4 thoughts on “Greece is the Word”

  1. Very pleasant read. I wrote an earlier response that seems to have gotten lost. But I’m sorta glad it did get lost, because this one’s better-written, lol:

    Regarding tourism figures, keep in mind that Greece is much, much smaller than the countries you mentioned. Italy is 2.5 times larger in area; Spain and France are four times larger in area. Spain is four times larger in population. France and Italy are 6 times larger in population. Turkey is bigger still, in both area and population. (Greece can’t be compared to them because of the size difference; it’s more comparable to Portugal or Croatia or non-med Switzerland or Austria). In proportion to size, Greece is more touristed than Spain/Italy/France/Turley. The number of tourism arrivals in 2017 was about 28 million (28 million people spend at least one hotel night in the country in 2017). That number is 30 million when net cruise arrivals are included (people that visited by cruise and did not spend any hotel nights on land). (The figure you mentioned from the WTO is a bit outdated).

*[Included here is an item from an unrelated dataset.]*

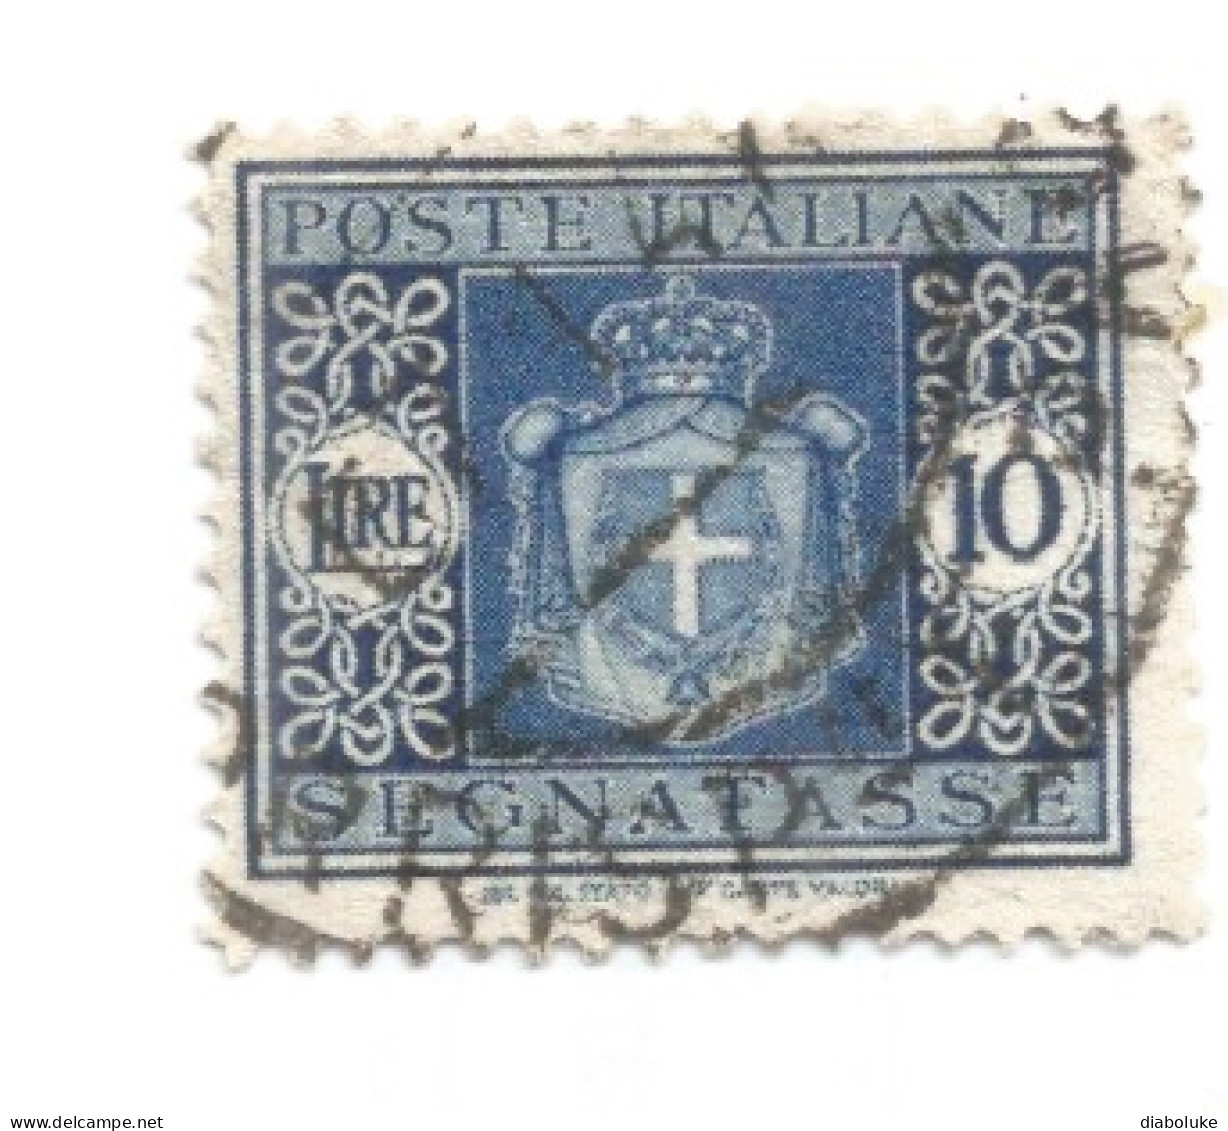 (REGNO D'ITALIA) 1945, SEGNATASSE, STEMMA SENZA FASCI - 8 francobolli usati

This year, Greece is bracing for 32 million visitors. That’s the equivalent of Spain getting 120 million visitors, when Spain “only” got around 70 million a year, and Italy gets around 50 I believe. Still, being smaller than all these countries, Greece manages to hover around #15 in the world in international tourism arrivals, out of 200+ countries and territories. It’s not by any means off-the-beaten track, and many of the most heavily-touristed areas are places Americans have never heard of like Rhodes, Corfu, Kos, Zakynthos, or the Halkidiki peninsula, filled with sun-and-beach visitors from colder parts of Europe. Keep in mind that for all of Southern Europe, the lion’s share of the tourism arrivals is other Europeans, not Americans. And your German or British or Polish or Swedish family doesn’t think in terms of “Greece versus Spain” as an American would, but rather “we’ve already been to Mallorca three times, should we check out the Costa del Sol this year? Or Tenerife, or Crete, or Corfu, or Sicily, or Hvar?” And the larger countries, obviously, have more destinations.

    I encourage you to go back sometime, as Athens and the south Aegean don’t exhaust the country by any means. Although it’s only the size of Illinois or Pennsylvania, there’s far, far more architectural, historical, and landscape diversity around the country than you’d find in a similarly-sized US state. (The stereotypical white-cubic houses are only a specific region, as you already know) If you liked Athens, you’ll love Thessaloniki. Much better historic preservation (as far as newer historical is concerned, like early 20th century buildings) and it’s an artsy/college town with lots of bars and cafes. Next time, I would encourage the Ionian Islands, and/or Epirus region, and/or the southern parts of the Peloponnese, all worth a look.

    Regarding food: the key thing to do in Greece is go where locals go, not where tourists go. The highly-touristed places have traditionally offered inauthentic food that foreigners think is Greek, but Greeks don’t actually eat at home. Although, some really, really good, contemporary-Greek-cuisine restaurants have opened up in the more expensive touristy places like Santorini, Mykonos, or Corfu, so I’ll walk my advice back a *little*. But that just means: try a variety of places, and don’t be afraid to go where only locals go; those are more authentic. Kebabs (“souvlaki” in Greece) are generally considered street food, and not “home food”, and the “home food” is what visitors miss out on. Regarding dolmades (dolma[s] singular, dolmades plural), they can be a meal *or* appetizer. When Greeks go out to eat at night, they order platters of appetizers…exactly the same concept as tapas in Spain. They’re called “mezedakia”. But some of those foods can be regular meals in a home. I wouldn’t call lamb a staple; it just sticks out to Americans, because Americas don’t eat it. Greeks eat pork and beef more often, *let alone* seafood and chicken. Lamb is expensive and is associated with Easter or as an occasional treat.